Benoît Hamon fonde Génération⋅s

Juste après les élections présidentielles (où il avait fait 6,36 % des voix au premier tour), Benoît Hamon avait quitté le Parti socialiste et fonder, dans la douleur, le mouvement du premier juillet (2017), le M1717. Il n’y avait ni cadres politiques ni socle politique, mais l’idée était de profiter d’un élan de sympathie pour former quelque chose de nouveau.

Benoît Hamon savait avec justesse que, en comparaison à un Parti socialiste très marqué au centre-gauche et à un Jean-Luc Mélenchon populiste au possible, il y avait un large espace pour les gens de gauche.

On en sait désormais davantage, puisqu’il a profité de l’élan du M1717 pour fonder Génération⋅s. 1500 personnes étaient présentes pour cela ce samedi 2 décembre 2017 au palais du congrès du Mans, s’appuyant sur un questionnaire rempli par 28 000 personnes sur les 42 000 s’étant inscrit gratuitement à la plate-forme du M1717.

Le mouvement est composé surtout de cadres supérieurs, d’étudiants (tenant le principal syndicat étudiant, l’UNEF), de gens appartenant au sens très large aux « classes moyennes ».

Il ne se veut pas dans la tradition du mouvement ouvrier et pour cette raison, le nom du mouvement se veut donc résolument « moderne », en opposition complète avec la tradition (un parti centralisé, avec des congrès et des cadres, etc.) et les « gros mots » (socialiste, communiste, socialisme, communisme, ouvrier, etc.).

Les valeurs de Génération⋅s sont définies par conséquent comme suit : « égalité, écologie, démocratie, justice sociale et solidarité, internationalisme ».

Le charte donne comme objectif :

« Nous voulons fonder une nouvelle république démocratique et participative, écologique et sociale, laïque et décentralisée. »

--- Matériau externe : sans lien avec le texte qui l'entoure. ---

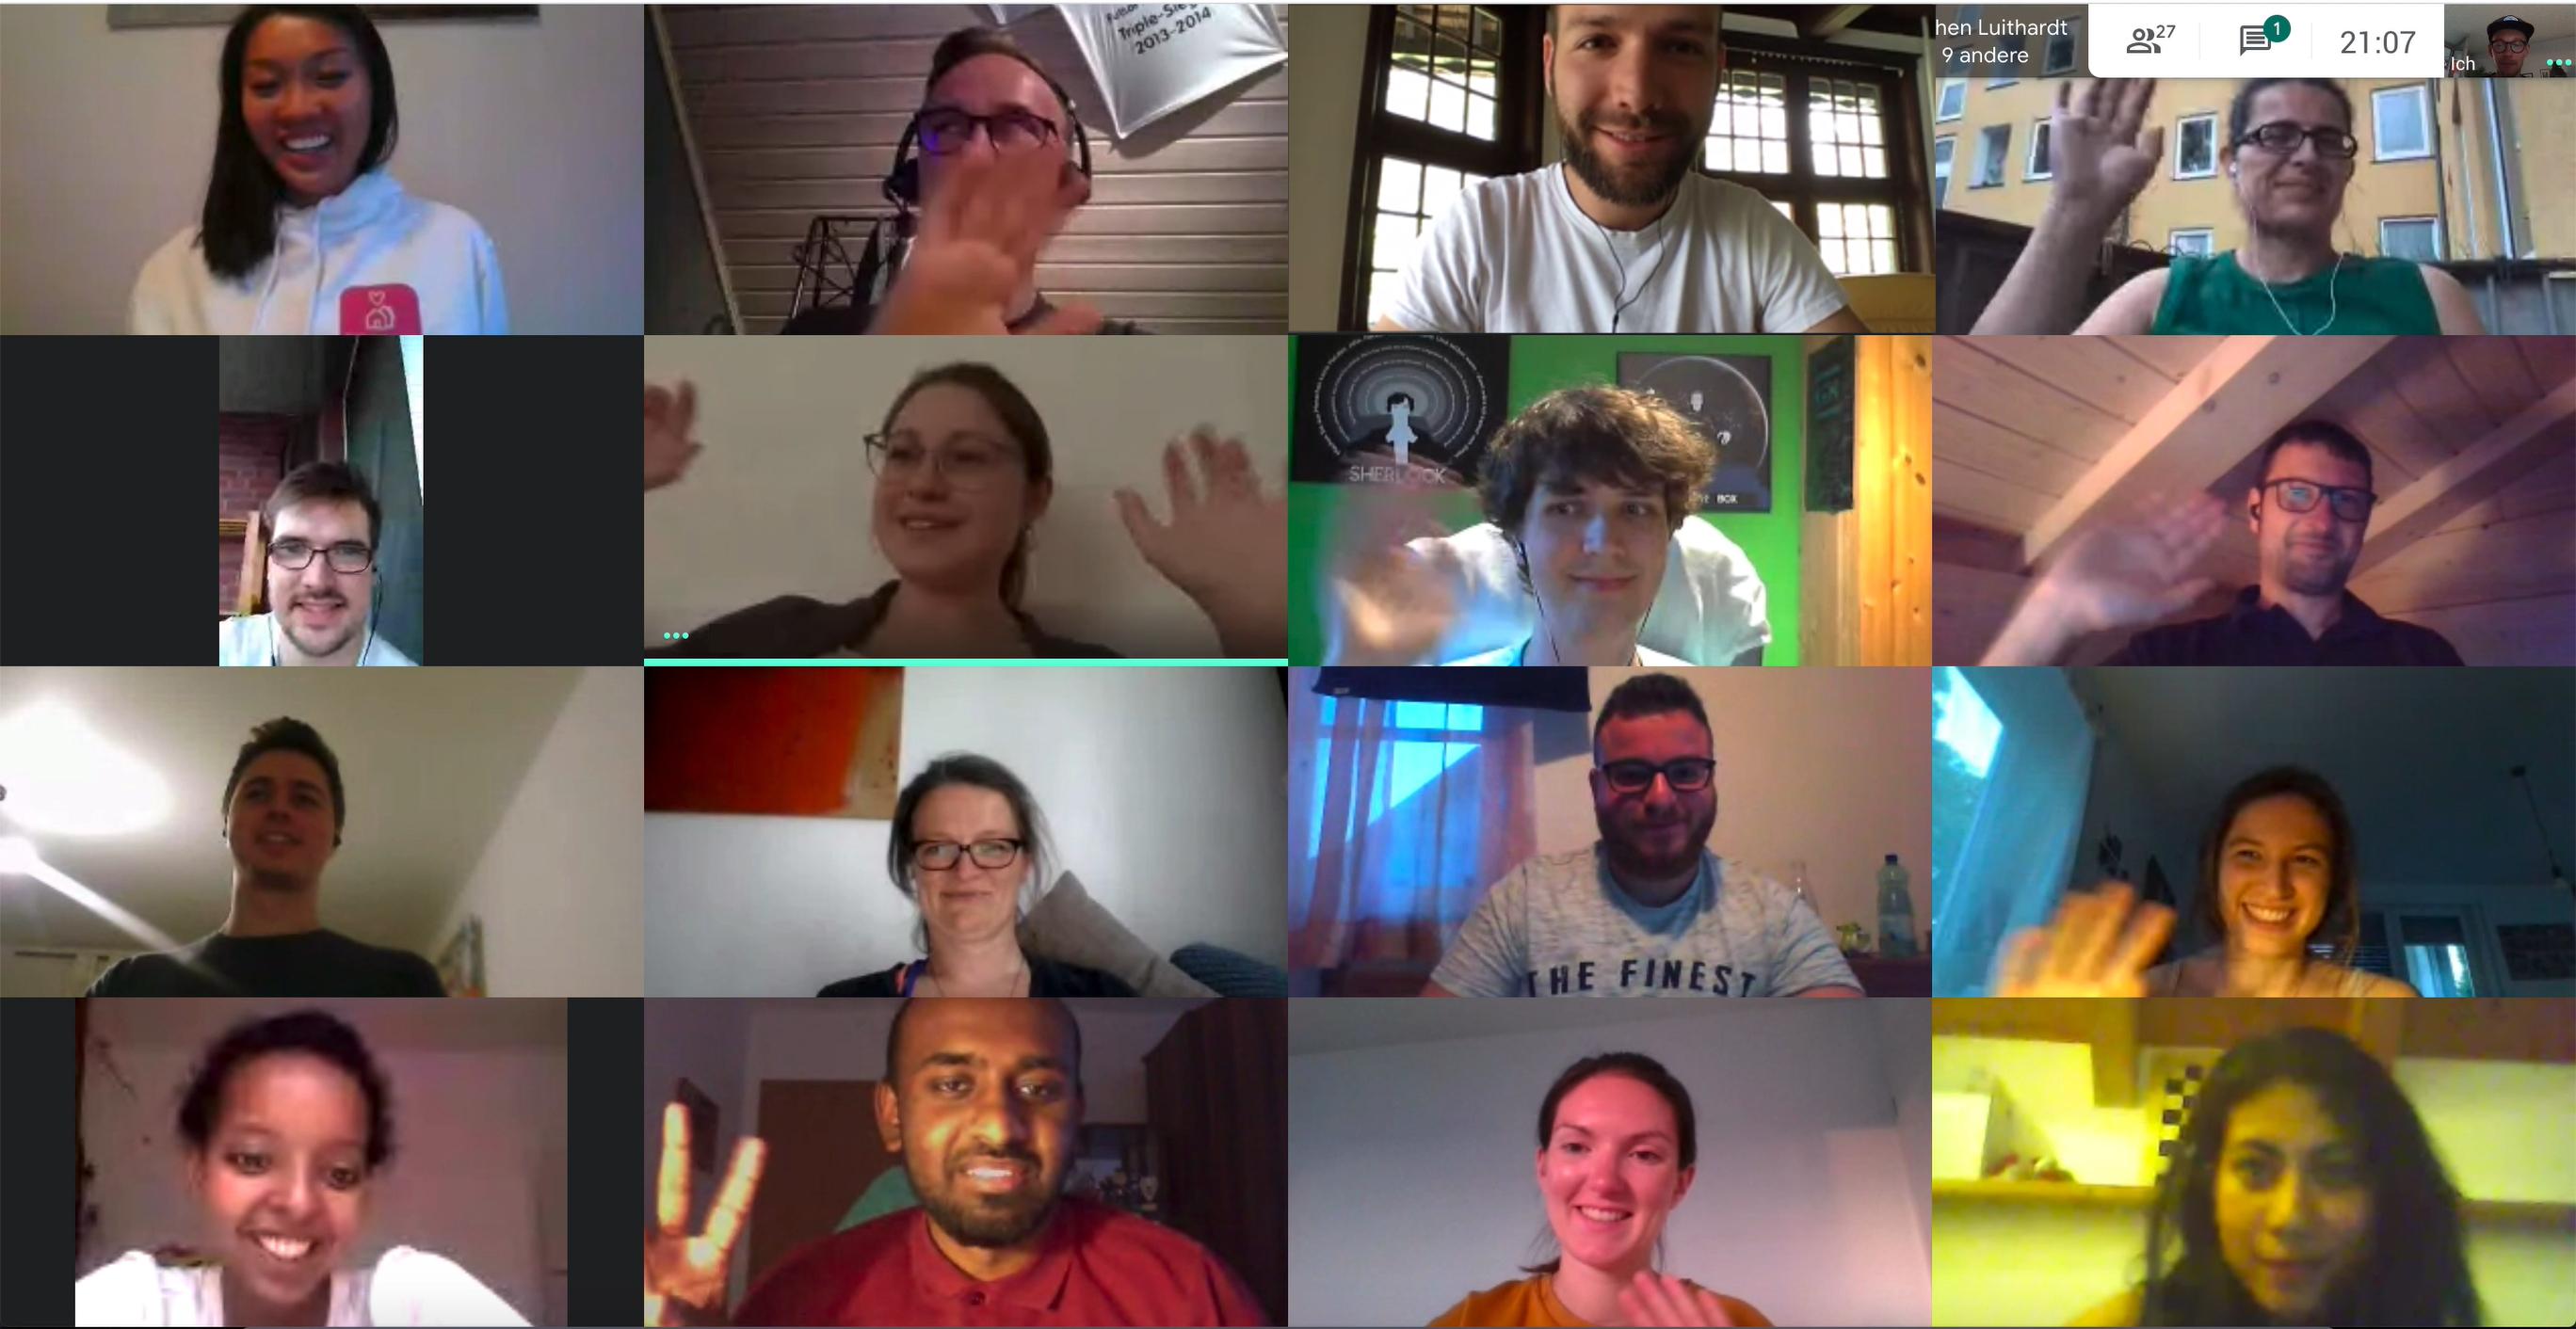 Screenshot des Entwicklerteams in einem Videotelefonat.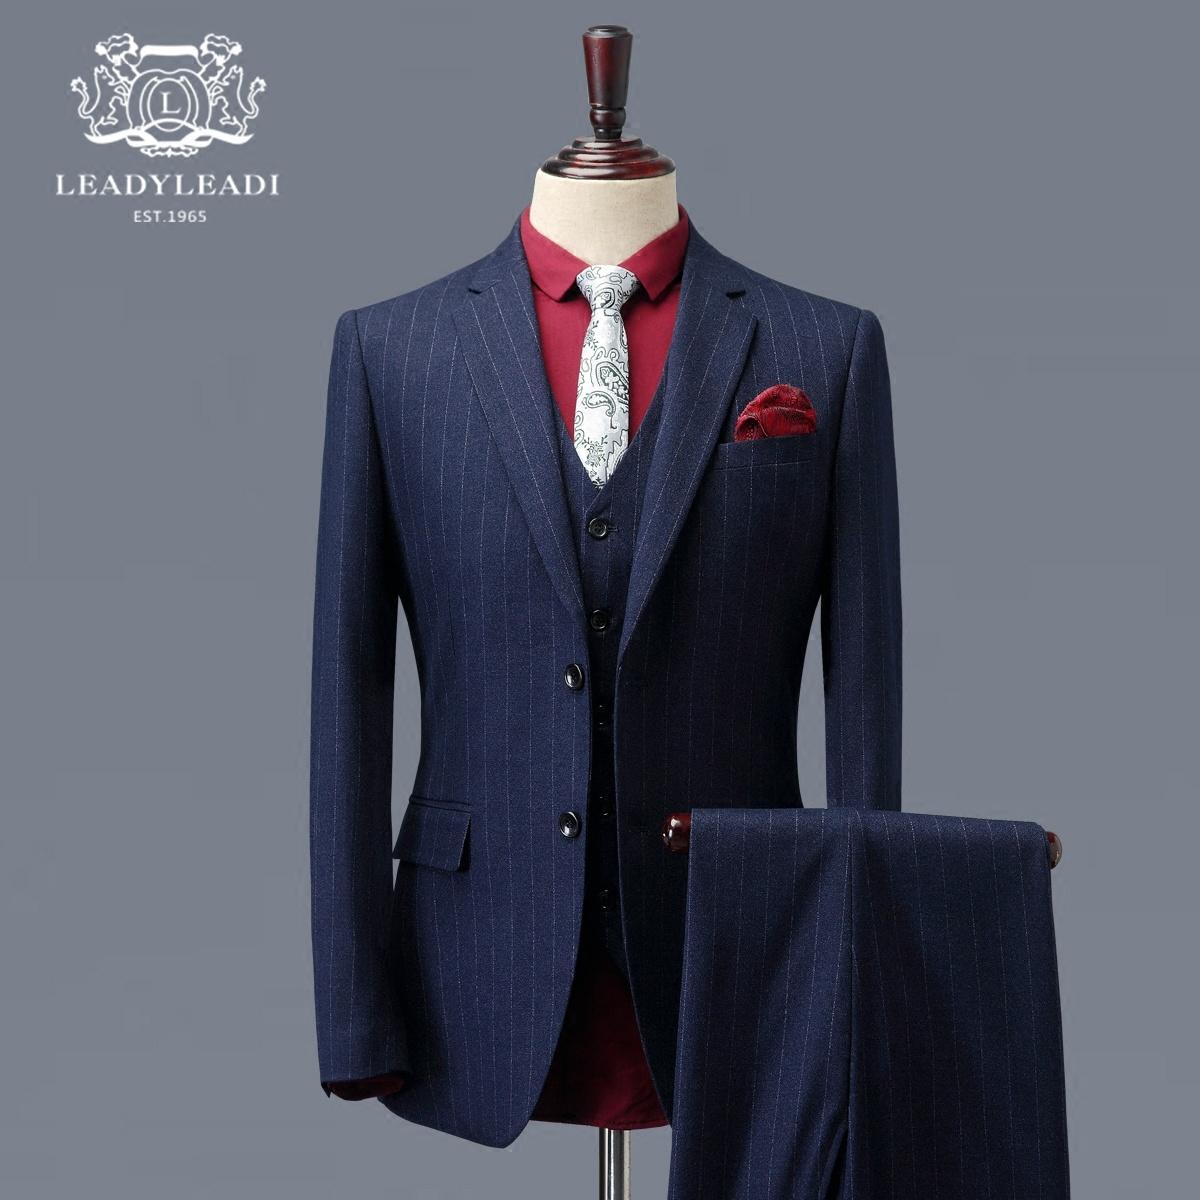 西服套装男士正装韩版修身定制商务西装三件套英伦风新郎结婚礼服

Deux exemples peuvent aider à comprendre la nature du projet. Benoît Hamon a expliqué dans un discours que la nature du nouveau mouvement était le suivant :

« Notre Mouvement doit préfigurer la République que nous voulons, basée sur la démocratie continue »

La « démocratie continue » est un concept inventé par Maurice Thorez, à la toute fin des années 1950. Une citation de lui est très connue pour qui s’intéresse à l’histoire du mouvement ouvrier :

 « La démocratie, création continue, s’achèvera dans le socialisme. »

Sur le Twitter du nouveau mouvement Génération⋅s, on a aussi cette précision :

« Un nouvel espoir jaillit. Rénovons et chérissons cette démocratie en rhizome. »

Un rhizome est une structure qui se meut en permanence dans tous les sens, sans niveaux ni hiérarchie.

Il s’agit d’un concept philosophique inventé par Gilles Deleuze et Félix Guattari, auteurs de Mille plateaux. Cet ouvrage est le grand classique des universités américaines, de la théorie du genre, de « l’intersectionnalité des luttes », etc.

Si le monde est une sorte de gigantesque « rhizome », alors il n’y a plus de société mais des échanges innombrables entre individus. Une « démocratie en rhizome » serait alors une sorte d’alliance gigantesque entre les individus, sur une base de réciprocité.

Le projet de Benoît Hamon est de réguler le capitalisme pour permettre aux individus de s’épanouir en vaquant en quelque sorte à leurs occupations de la manière la plus aisée possible.